On Nov. 2-5, Main Stage performed William Shakespeare’s Scottish play “Macbeth” in the W. D. Powell Theatre.
The cast and crew saw their weeks of rehearsals and hard work pay off in their Friday night debut. The audience was greeted with an elaborate set of the interior of the Macbeth castle with glows of red and green in the background. An iron chandelier ornamented with stick-figured men climbing up the chain hung next to the staircase where Macbeth and Lady Macbeth would frequent during their plotting and gruesome soliloquies.

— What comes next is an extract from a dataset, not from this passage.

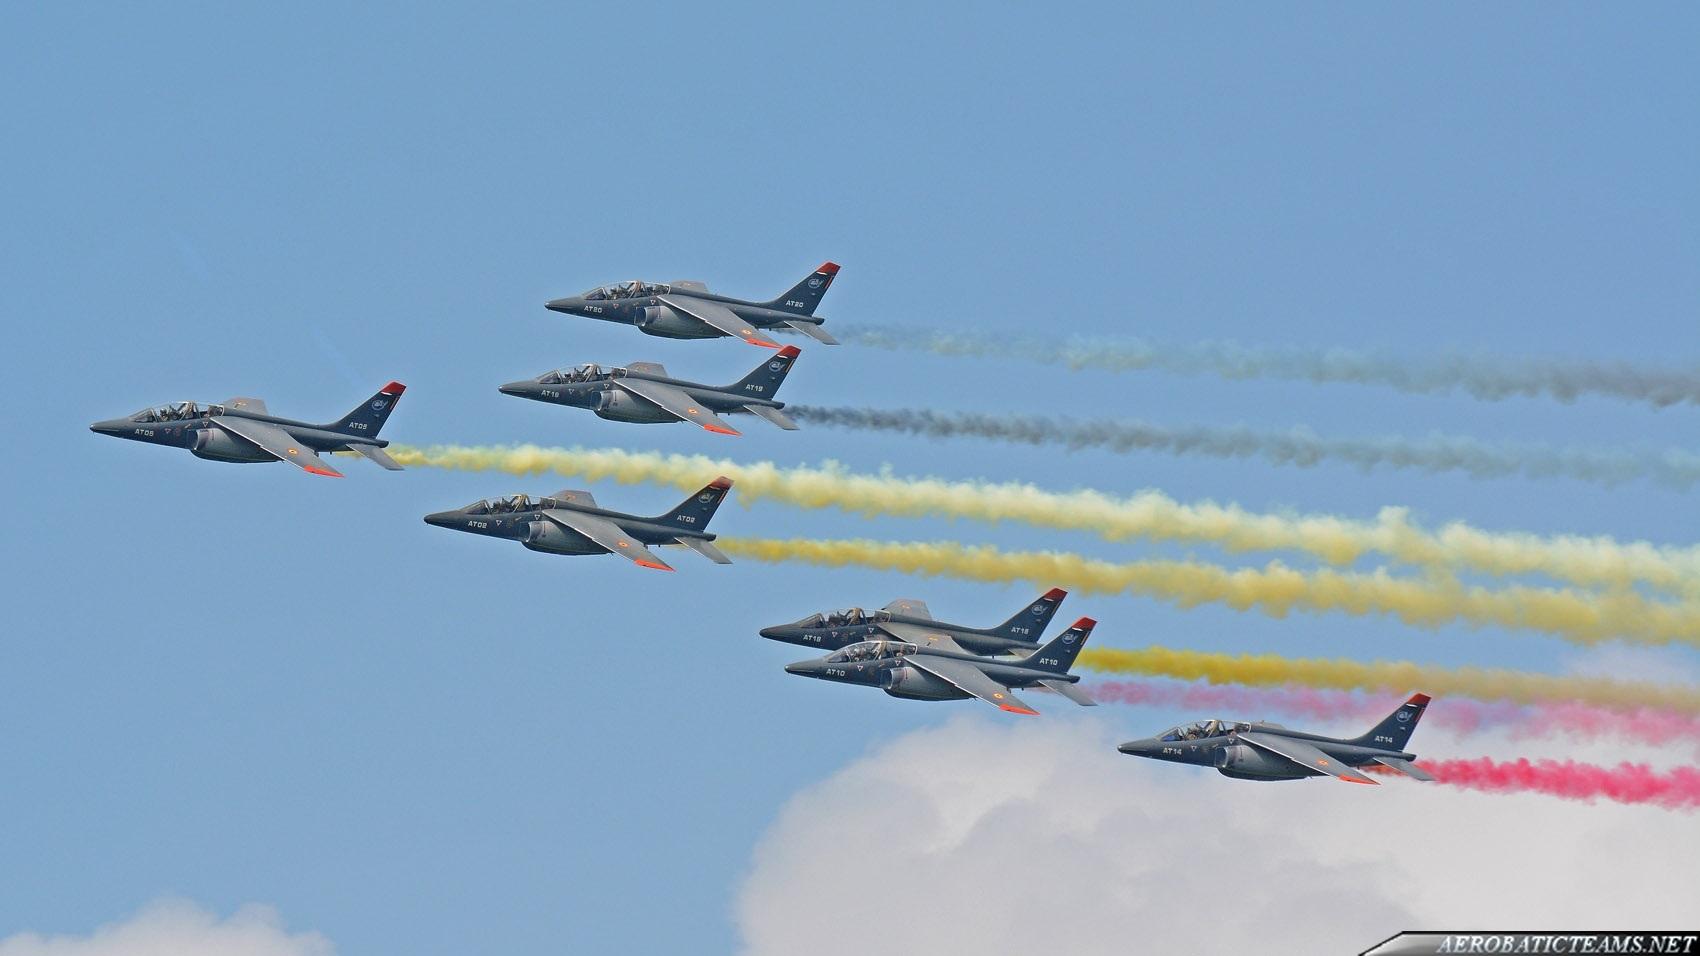 BAF Alpha Jet formation

Jump scares of lightning announced the presence of the three witches who would suddenly appear next to an audience member and exit with a chorus of cackling.
Junior English major Sadie Adams was excited to see her first live performance of the play which she had only read in high school and more recently in her Plays of Shakespeare class. Adams described how she enjoyed getting to see the characters she read about come to life on the stage:
“I really liked how they put it on, especially with the witches,” Adams said. “There is so much that you could do with the witches, and you can interpret them in so many ways. And I really liked how they put them in scenes they weren’t originally in as different characters to help further this idea of Macbeth as a puppet.”
Directed by Union alumnus James Matthew Wyatt, the play was also performed by a cast comprised of students from various majors who share a love for theatre.
Sophomore public relations and history double-major Amy de Groot has done theatre since kindergarten and jumped at the opportunity to act in Union’s production of Macbeth as one of the witches.
“It’s kind of an outlet,” de Groot said. “I mean, I love PR and history, that’s why I’m majoring in them, but they don’t stir the creative juices in the same way, and I think that for everybody, if you don’t get that stirring, something dies inside of you. It’s really about finding that outlet where you can just stop stressing about the world.”